The Republican Party isn’t doing so well; after a electoral defeat in the 2008 cycle that in many ways was a repudiation of Bush-era politics, the party finds itself intellectually bankrupt and massively unpopular. Indeed, the most legitimate faction remaining within the GOP is those who identify strictly as fiscal conservative/libertarian, though I fault them for generally not presenting meaningful intellectual opposition to the Administration or to the Democratic party in general.
I’ve argued for years that part of why the GOP is intellectually bankrupt is because of its strident effort to merge multiple, mutually exclusive ideologies under the umbrella of one cohesive narrative. Most specifically, and most relevant to this post and recent events, is the incompatibility of the narratives of the American Religious Right, which argues for a deep level of government control and leadership in individual lives with the aim of creating a moral, ‘Christian’ nation, and the narratives of classical liberalism and libertarianism, which generally advocate for an extremely limited governmental role as an arbiter of last resort and a provider of public goods like national defense.
Where the GOP ran into trouble is where they made the narrative of religious purity and morality part of their party advocacy. So they actively went after bans on same-sex marriages, abortion, vaccines to prevent sexually transmitted diseases, amongst others, without providing meaningful empirical justifications. The narratives they chose for ther ideas were couched in the language of values, unity, and binary distinctions, without allowing for nuance. Bans on same sex marriages particularly were justified by theoretical objections over the sanctity of marriage (as if government, and government alone, could uphold this concept of a sacred marriage). Such arguments never gained much traction for me; we grew up in a world where some 50% of marriages end in divorce and relational violence is a real problem. The suggestion that most marriages are conducted in a ‘sacred’ or a ‘holy’ manner is quite laughable to me.

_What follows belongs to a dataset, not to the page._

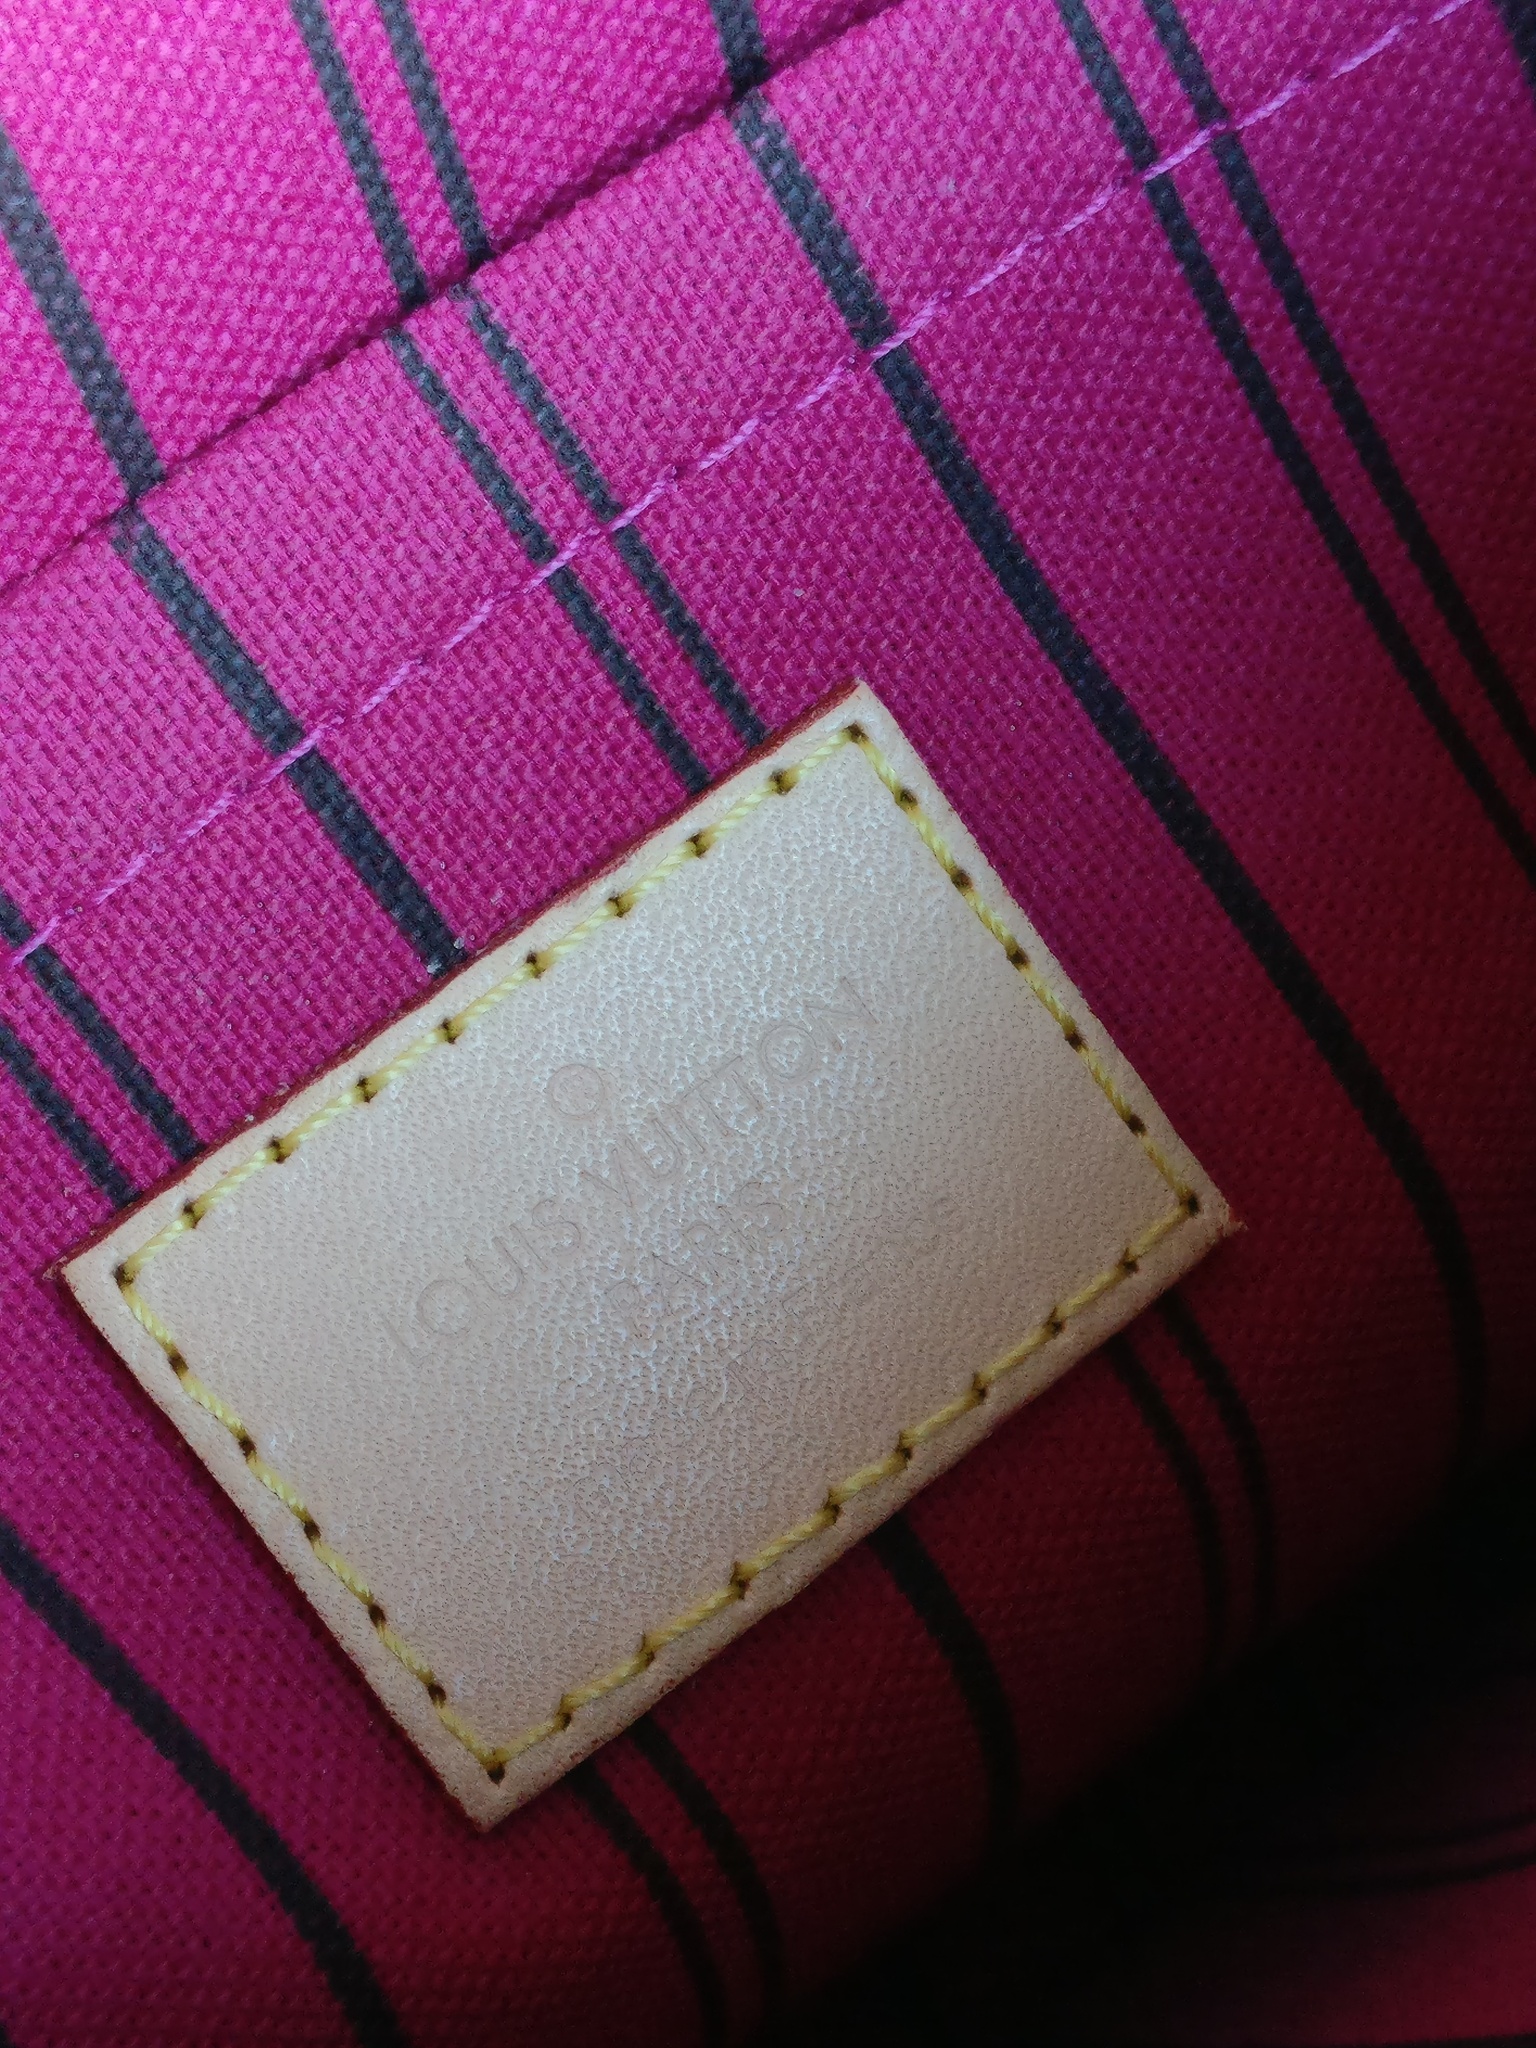 Louis Vuitton Neverfull MM pochette

Which brings me to South Carolininan Governor Sanford, who resigned his position as head of the Republican Governors Association yesterday after admitting to an extra-marital relationship with an Argentinian woman. His resignation means that the Republicans have one fewer serious presidential candidate to front in the next election cycle; another serious contender, Senator Ensign (R-NV) just admitted to an affair with a campaign worker and resigned from his leadership position as head of the Republican Policy Committee. The Governor of Louisiana, Bobby Jindal, who the Republicans presumably thought would provide an intellectual, inspirational point to rally conservatives and counter Barack Obama’s traction with the nation’s non-white voters, had a disastrous appearance on national televison. Which leaves us with Governor Sarah Palin (R-AL) whose jovial ignorance has made her a laughinstock across the nation, even as she feuds with the father of her daughter’s out-of-wedlock child. I don’t know Governor Sanford’s politics that well (I have read that he isn’t a big social conservative) but he is the governor of one of the nation’s most conservative states. Anecdotal example: When I think ‘South Carolina’, I immediately think ‘Christian Exodus‘, a movement of ultra-conservative Christians moving to South Carolina with the goal of gaining a majority stake in democratic policymaking. The wiki is here.
There is a common thread here. The GOP invested a great amount of its image in an essentially unsustainable promise of moral leadership, a promise that is undermined every time a major social conservative is caught with their pants down. But it presents a real problem. In trying to build a national coalition, the GOP embraced too many incompatible narratives and is rendered politically impotent as a result. The downside, as I mentioned earlier, is that they end up failing to present the kind of opposition that renders democracy powerful; the Democratic coalition gets to push through legislative change using economic arguments that really need to be challenged.
My recommendation for GOP party strategists? Dump the social agenda. Because it allows the everyday failings of your leaders to undermine your message and cultivates an anti-intellectual environment, marginalizing key thinkers and discouraging diversity of thought. Those concepts are at the center of any effective political movement. I’m not the only person making these arguments; here is Nobel Laureate Gary Becker (U Chicago) making a more nuanced version of the argument.
EDIT: I incorrectly noted that Sanford resigned as governor; this hasn’t happened yet, though he did resign as head of the Republican Governors Association.